There are a lot of them from when I was a kid. Once my brothers and I spent the whole day mucking out the old chicken coop and turning it into our own personal fort. We worked so hard. We found a can of orange spray paint and made our own signs. And we cleaned and prepared. When we finally went up to have supper, we were so hungry. I think it was the best meal my mom ever made. It was a great day, because we'd spent it together, doing something without arguing.
Another day I remember was in the summer, the dog days. During the drought of 87. Mom let us play outside in our cattle tank turned swimming pool all day. We had popcicles and ran around like wild chickens doing things kids do, screaming and playing make believe and making up dumb games to play in the water. When I changed my clothes that afternoon, I imagined that this must have been what camp was like. That night Mom decided it was too hot to sleep in our un-airconditioned bedrooms, so we slept with blankets and pillows in the sectioned off living room with the window unit keeping us cool. The smell of freon and the quiet rumbling of the fan with the crickets and cicadas outside lulled me to sleep, and I still think of that day on the long summer nights I have.
Yesterday I drove by the sign to Indian Creek Park and I remembered this amazing day. I don't know what made it so great. We had a family picnic on Memorial Day, my family and Daniel's family. The end of my junior year of high school, just hanging out at a secluded park with some of my favorite people.
That day Daniel's dad told me that they'd decided that Daniel would leave for college in the fall instead of graduating like normal people. It was because he'd decided he wanted to marry me so he wanted to get a jump start on things.
We hiked through the woods. Daniel's oldest brother was engaged then, and his fiancee was with us, along with the next oldest and the next youngest. We ate food from the fire and spent the day laughing and hanging out. It was a most ordinary day, and yet it was a most perfect day.
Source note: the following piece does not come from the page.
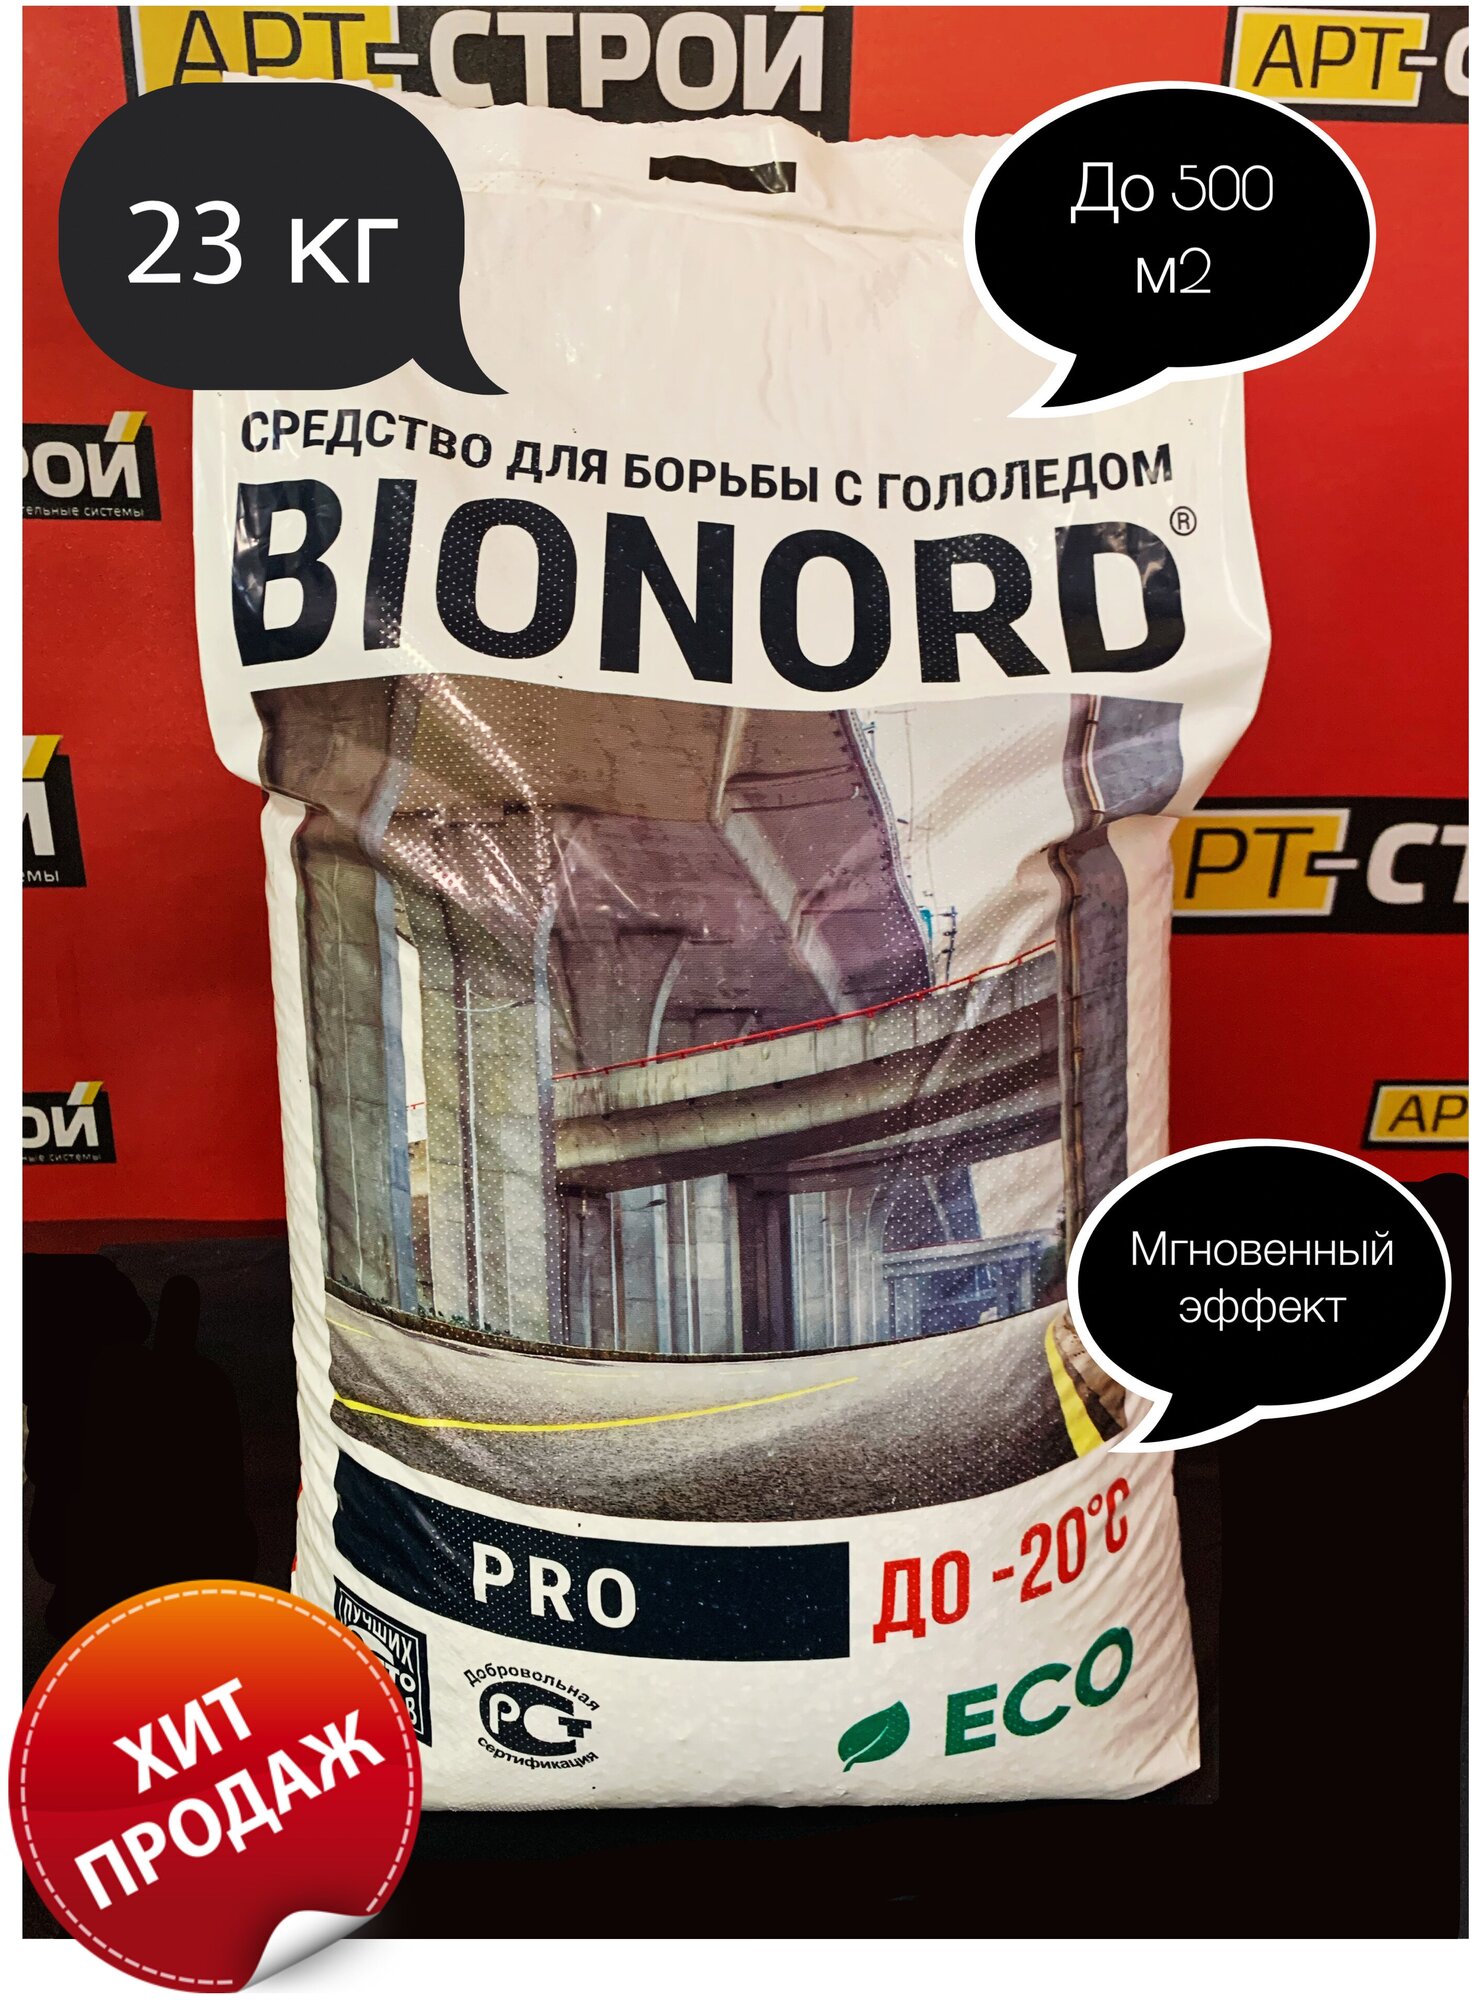 Бионорд PRO -20 противогололедный материал в грануле 23 кг

Another perfect day was a canoe trip I took with my brother and his friends when I was fifteen. We started the day laughing. We ate together at the K-Mart diner, and then we drove up to the river and canoed all day. When we finished we did a little caving and then we drove home, cleaned up, and went to see a movie together. Everything fell into place. The company was great. The weather was great. It was just a great day. A perfect kind of day.
When I look back, the monumental days, in which big things happened, those huge memories like having a baby or graduating... those days are different than these perfectly perfect days. They're special and they're memorable, but the best of days seem to end up being strangely normal.
On Tuesday we had another snow storm. We got about 8 inches of snow overnight. My husband was out of town for work, so I spent it home with the kids, playing games and reading books. They played outside, and I did some shoveling. We watched a movie together and had supper and when I put them to bed, I realized that it had been another one of those Best Days. The kind that pass in such a normal way, but when you look back, you see how everything just fell into place. And it was beautiful.
I wish I could freeze time sometimes, make these girls stay little and wonderful and innocent forever. But I can't. So, since I can't, I just have to keep these memories, store up the best days. And hopefully they'll have a few that they look back on and think about how amazing they were, just being kids, enjoying the simplicity of everyday perfect.